Based on the ideas of Jacques Benveniste
9/12/99 by Rick Andersen

This file is a mirror of http://www.tricountyi.net/~randerse/bioholo.htm


Recently, I came across a fascinating article at Bill Beaty's site, outlining the ideas and experiments of Jacques Benveniste, a scientist who claims to be able to extract, record and broadcast (e.g., over the Internet) the molecular frequency signatures of various chemicals in water solution in a test tube. This is said to be accomplished by playing white noise into a sample, via a magnetic field from a transmitting coil.
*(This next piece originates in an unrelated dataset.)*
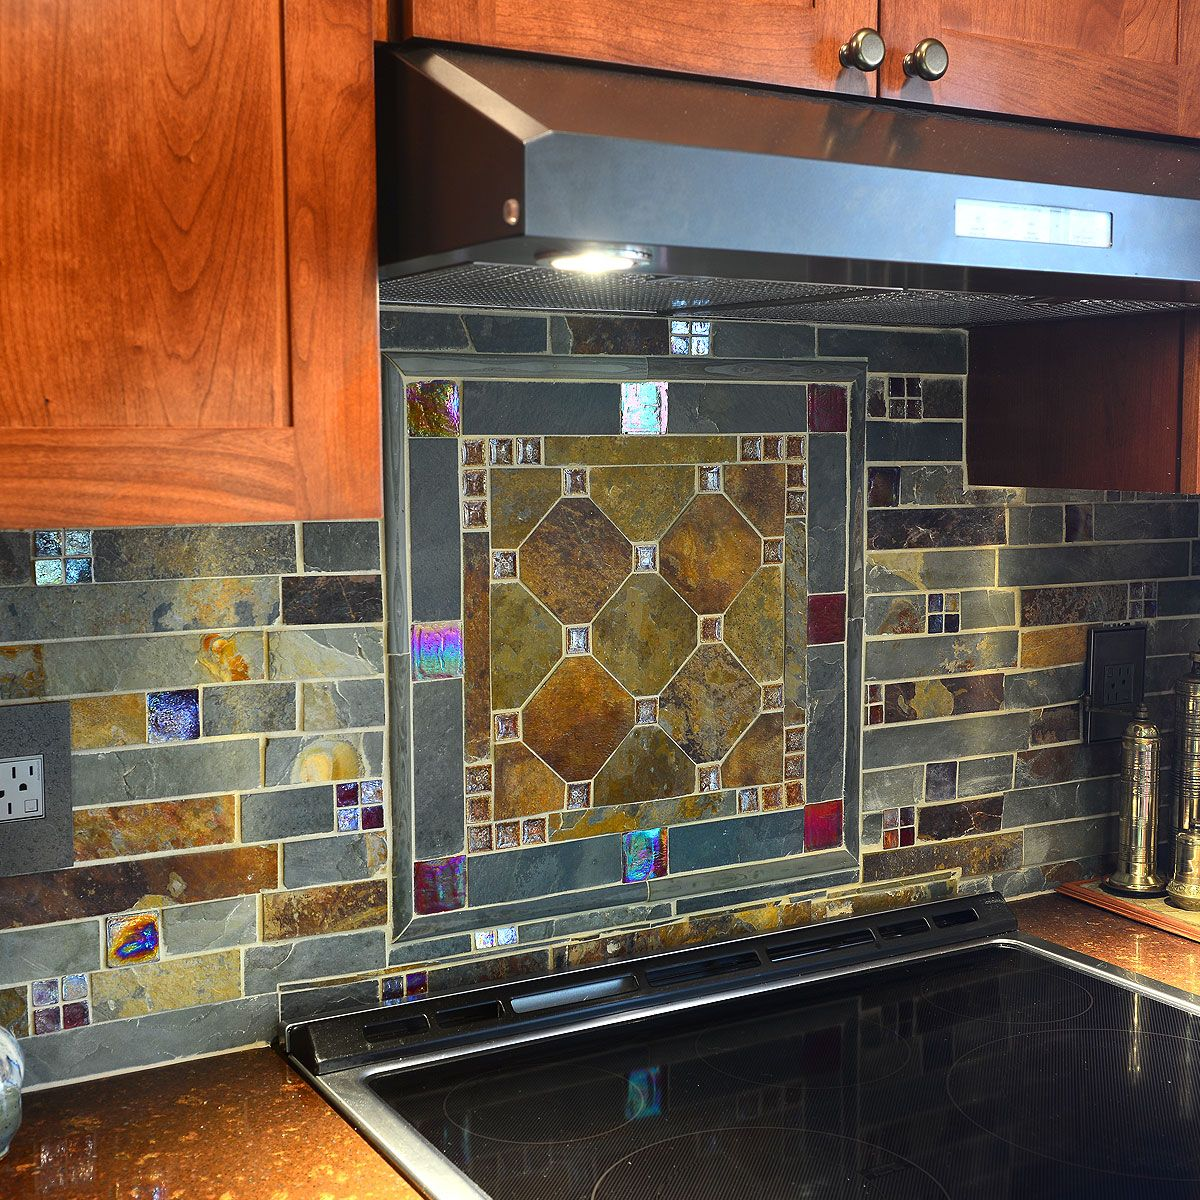 Subway Slate Glass Mosaic Kitchen Backsplash Tile Kitchen Tiles Backsplash Slate Kitchen Backsplash Mosaic Backsplash Kitchen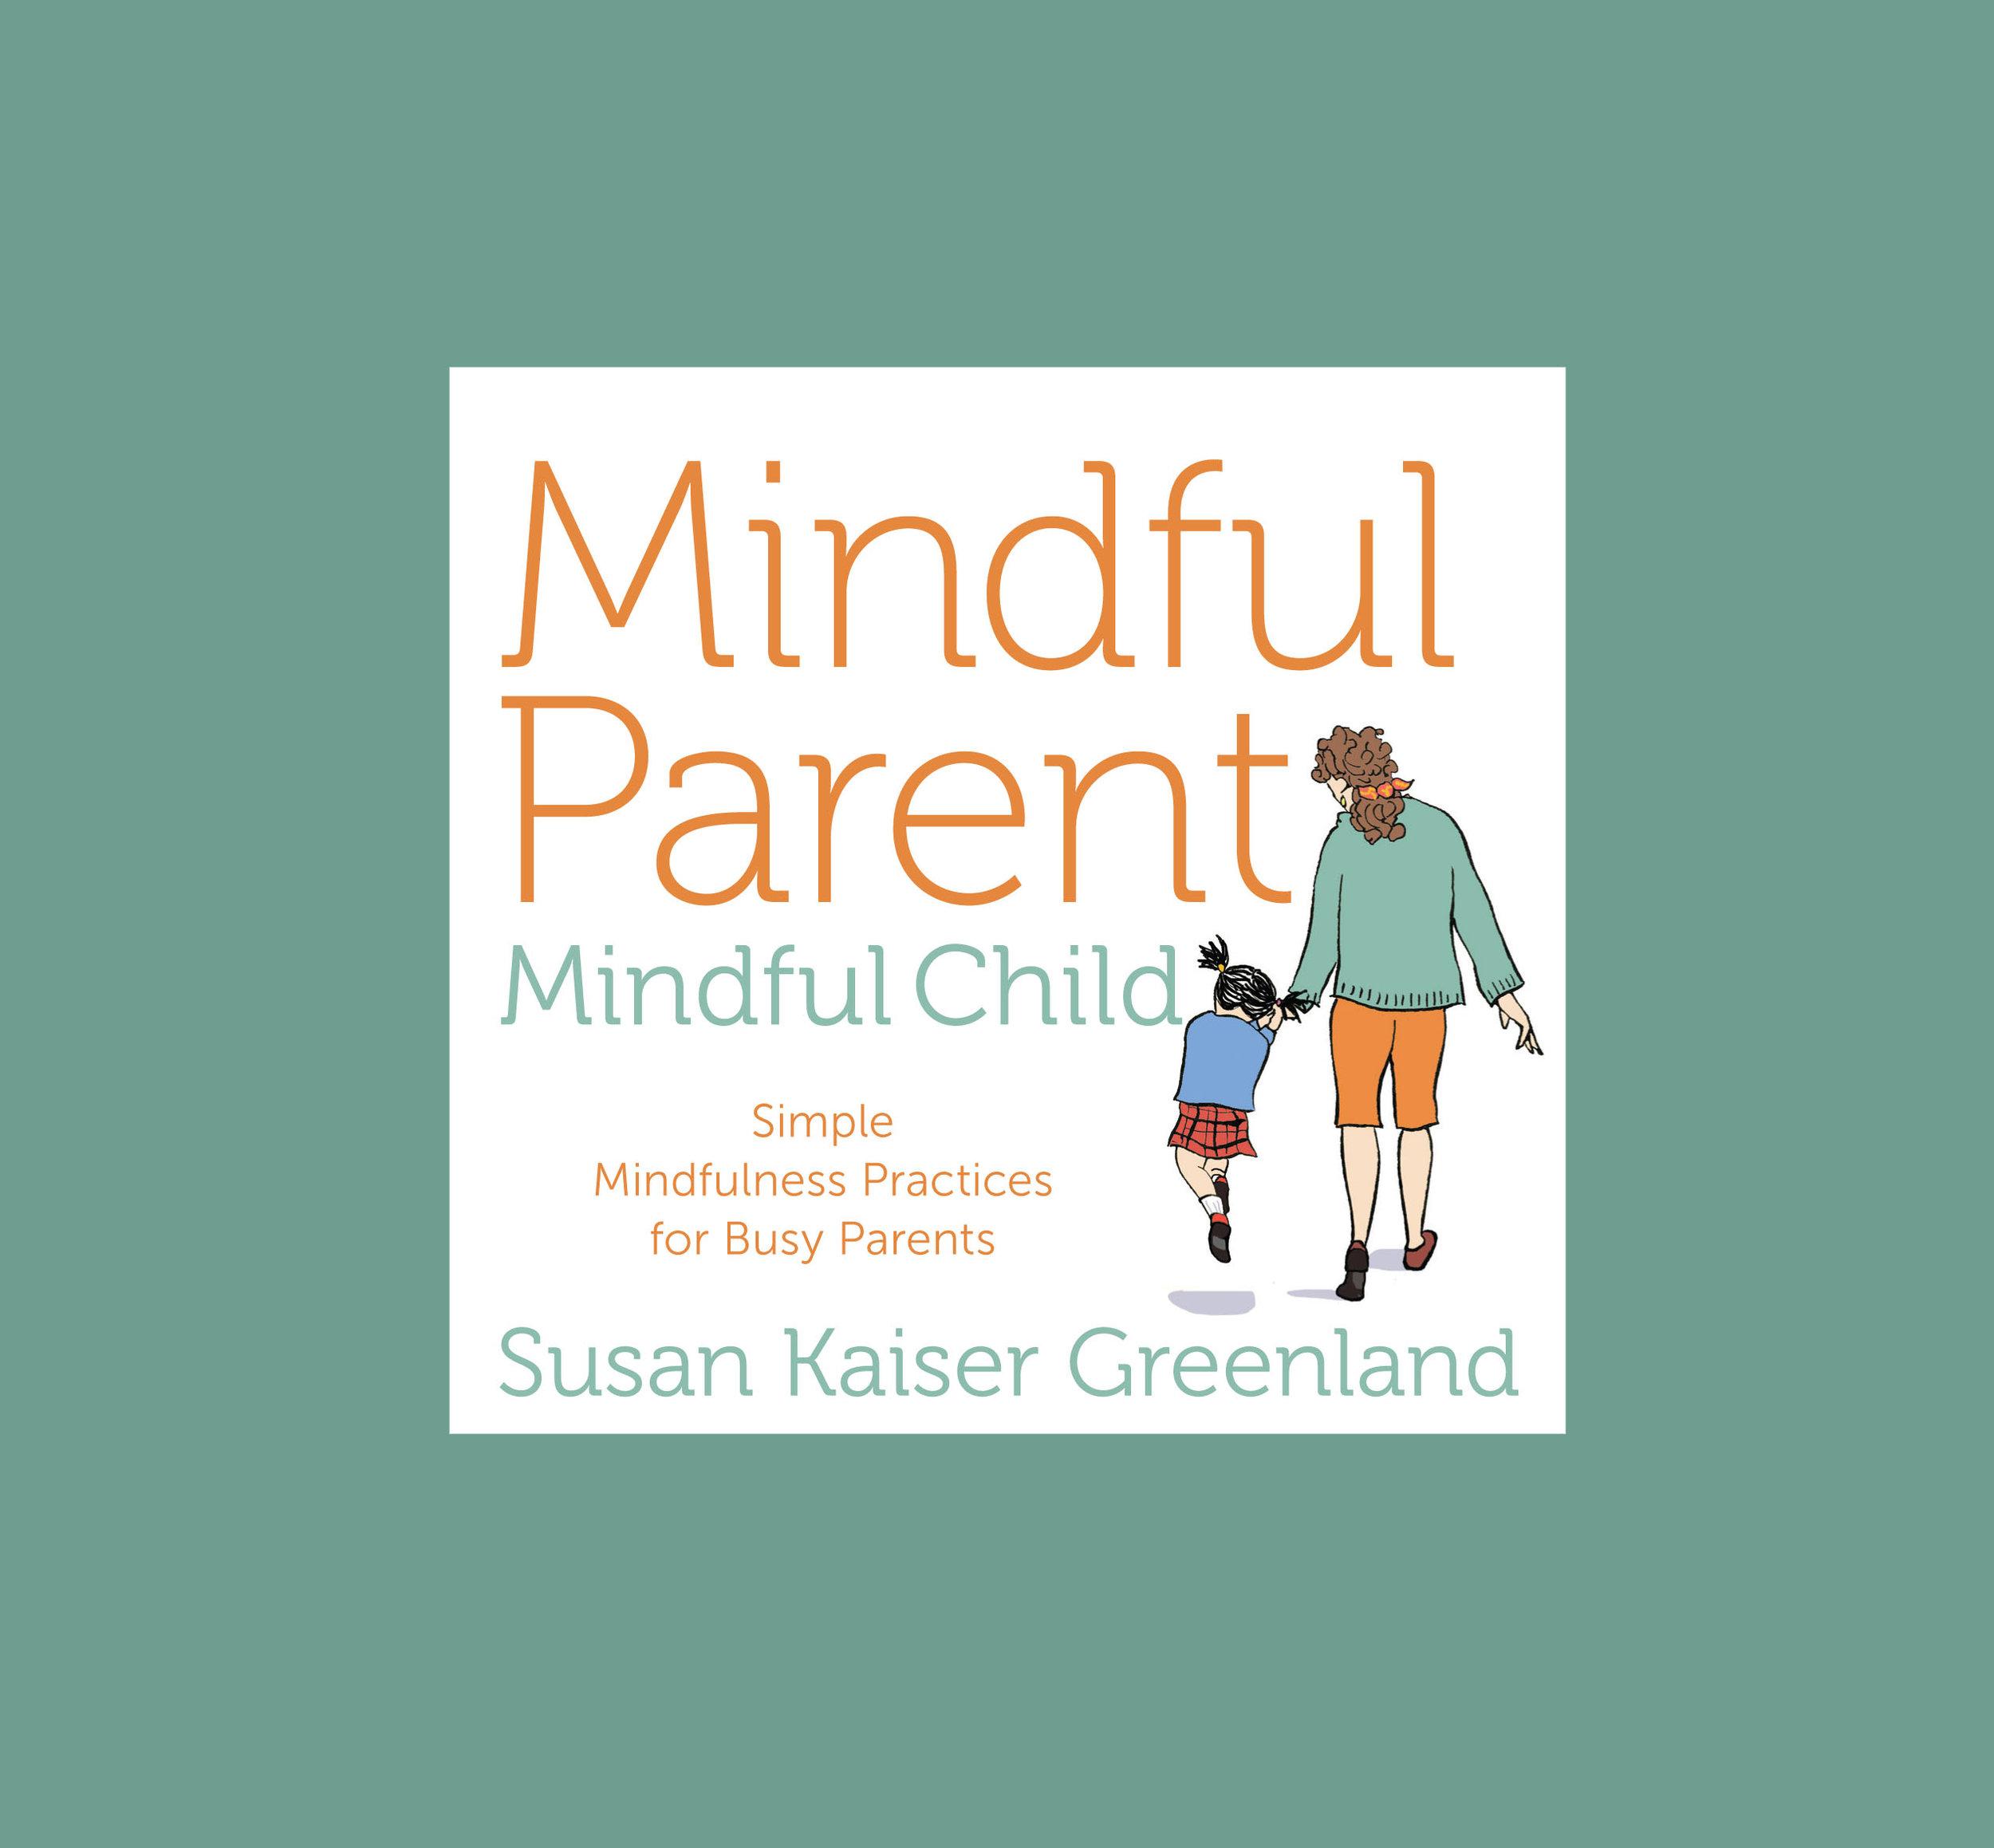 skg mindful parent mat B.jpg

A second coil receives the transmitted noise, but at the receive end the noise has been subtly altered by interaction with the molecules in the sample--- which I assert is analogous to the process behind an optical hologram; here we use audio frequencies.

Once the signal has been "captured", it can then be transmitted to another location and played through a third coil, into a test tube of pure water. According to Benveniste, the water becomes "structured" by the electromagnetic field of the original sample's molecules, and the water will now act as if it contains the original sample.

Since this is tantamount to providing the scientific community with a plausible mechanism for the scorned "pseudoscience" of Homeopathy, Benveniste has been getting all kinds of heat for his pronouncements in this area and in his previous statements about water itself having a "memory" upon which information can be impressed-- which affects life processes.

Too close to my own ideas about EM fields around a body (see my file on the Lorentz Force generator for me not to try and build a circuit to implement Benveniste's ideas! For more information, see www.digibio.com. The Bill Beaty article can be found at amasci.com.


Circuit Operation:

NPN transistor Q1 is connected "upside-down" to put it into the avalanche mode-- this generates white noise. Q1's noise current biases Q2's base, and Q2 amplifies the white noise signal. Q3 provides another stage of gain for the noise. VR1 serves as a "volume" control; the amount of signal picked off at the wiper is variable and is sent to IC1, a 100 mW audio power amplifier. The amplified output is sent to the output jack which will connect to the "transmit" coil. The transmit coil broadcasts a white-noise magnetic field into the sample under study.

Some distance away, a "receive" coil picks up the white noise, which we presume is altered in intensity, frequency response, and phase, in small but measurable amounts. [An alternate, or parallel, explanation is that beat frequencies in the audio range are produced by small amounts of nonlinear mixing, as the wide range of random frequencies inherent in white noise interact with the molecular resonances in the sample.]

Op amp IC2a amplifies the receive coil's output, which will be attenuated with increasing distance from the transmit coil. In Benveniste's experiments, the small distance between coils was occupied by a test tube filled with water and the particular chemical under study. The solution could be viewed as the core of a transformer whose windings are the transmit and receive coils.

After amplification by IC2a, the received signal is mixed (summed) with the original "reference" noise signal. The phasing (connection polarity) of the receive coil is such that the original reference noise and the altered noise from the receive coil and amplifier will "null" or cancel each other at some setting of the amplifier gain potentiometer VR2.

If the reference and the receive coil's noise signals are identical, the null should be quite deep (discounting differences in the frequency/phase response between the two signal paths); the assumption is that there will in fact be a small residual signal which cannot be cancelled out-- this "differential" signal represents the "information" impressed by the sample upon the reference noise.

This "distortion" or alteration of the "reference" noise represents absorption/reflection of energy by the sample under study. It is assumed to be analogous to an object being holographically recorded, as in laser hologram technology. We uncover the small distortions imparted to the noise by the sample, by mixing the reference back in with the altered signal, but 180 degrees out of phase. This is analogous to creating the interference patterns on film in laser holography.

The residual signals present in the differential mix are amplified by IC1b and sent to the output jack as the "differential output".